Ai Lin, por su conversación anterior, sabía que si el veneno era curado, Lin Bai y el muchacho definitivamente volverían a comprar la espada oxidada.
La espada valía mil piedras espirituales.
Venderla le ganaría una considerable comisión, pensamiento que emocionaba a Ai Lin.
Ai Lin se preguntaba, esta espada oxidada fue vendida por un bandido hace unos días, y el maestro tasador del Pabellón del Tesoro la compró por 500 piedras espirituales.

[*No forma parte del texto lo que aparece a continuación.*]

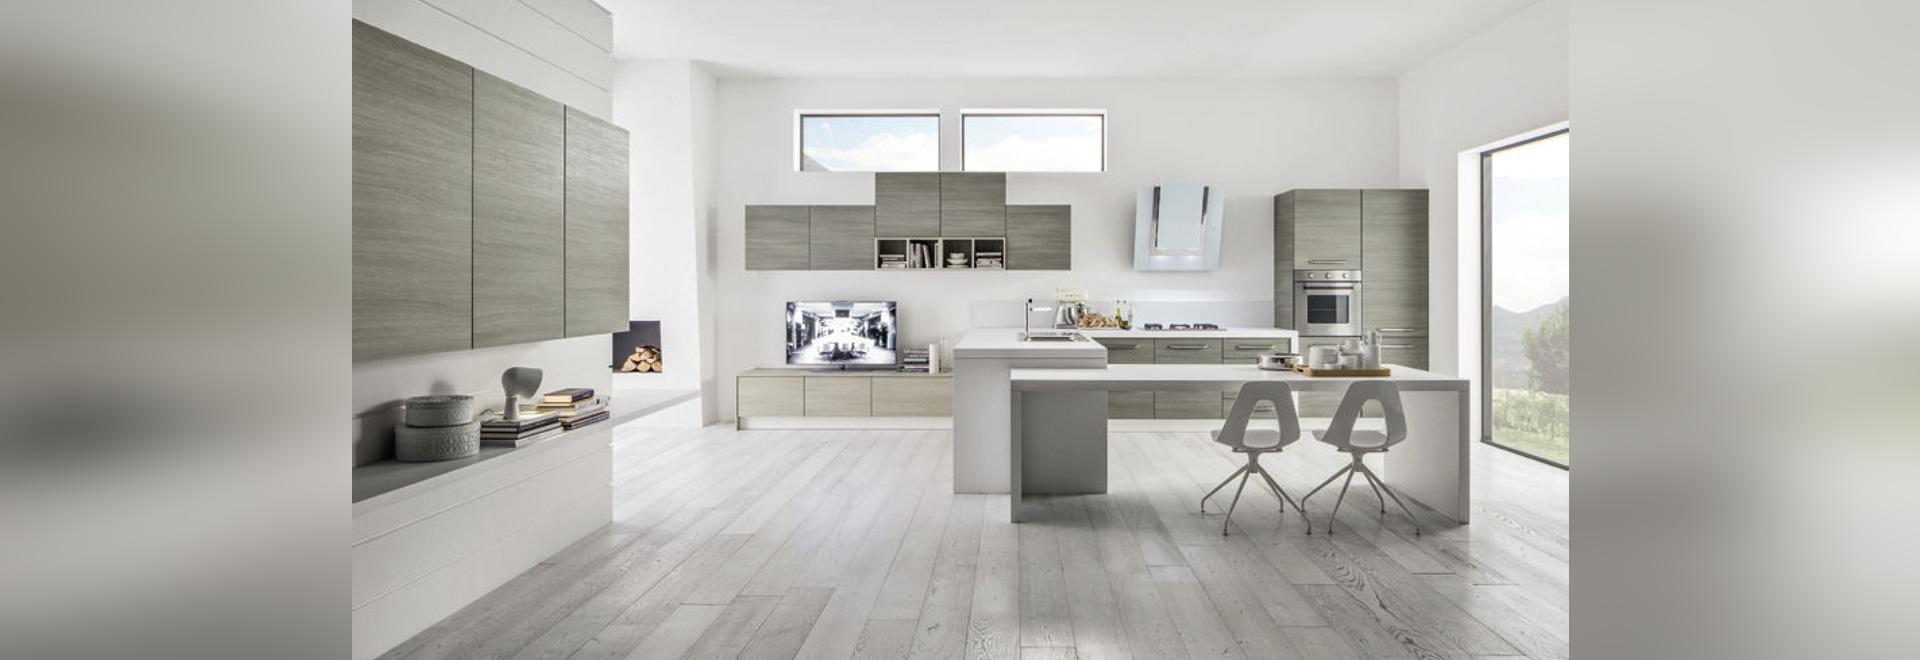 NOVITÀ CACAO cucina moderna by Arrex - Arrex

Por más que Ai Lin intentaba, no podía entender qué tenía de bueno esta espada.
—Me llevaré esta espada.
No regatearé el precio, ¿están bien mil piedras espirituales?
—dijo Lin Bai con una sonrisa a Ai Lin.
Ai Lin estaba encantada y dijo:
—De acuerdo, por mil piedras espirituales, el Pabellón del Tesoro estaría dispuesto a hacer amistad con ustedes dos.
Justo en ese momento.
—Vaya, vaya, ¿no es este el Joven Maestro Lin Bai de la Familia Lin?
Escuché que despertaste un Alma Marcial de Primer Grado Nivel Amarillo y estabas tan avergonzado que saltaste de un acantilado para suicidarte.
En ese momento, un hombre con un porte excepcional se acercó desde detrás de Lin Bai.
Lin Bai se dio la vuelta y reconoció al hombre.
El hijo mayor de la Familia Ye, Ye Rulong.
A menudo se había peleado con Lin Bai, quien rara vez se molestaba en interactuar con él.
Lin Bai simplemente le dijo a Ai Lin:
—Te daré mil piedras espirituales, por favor dame la espada.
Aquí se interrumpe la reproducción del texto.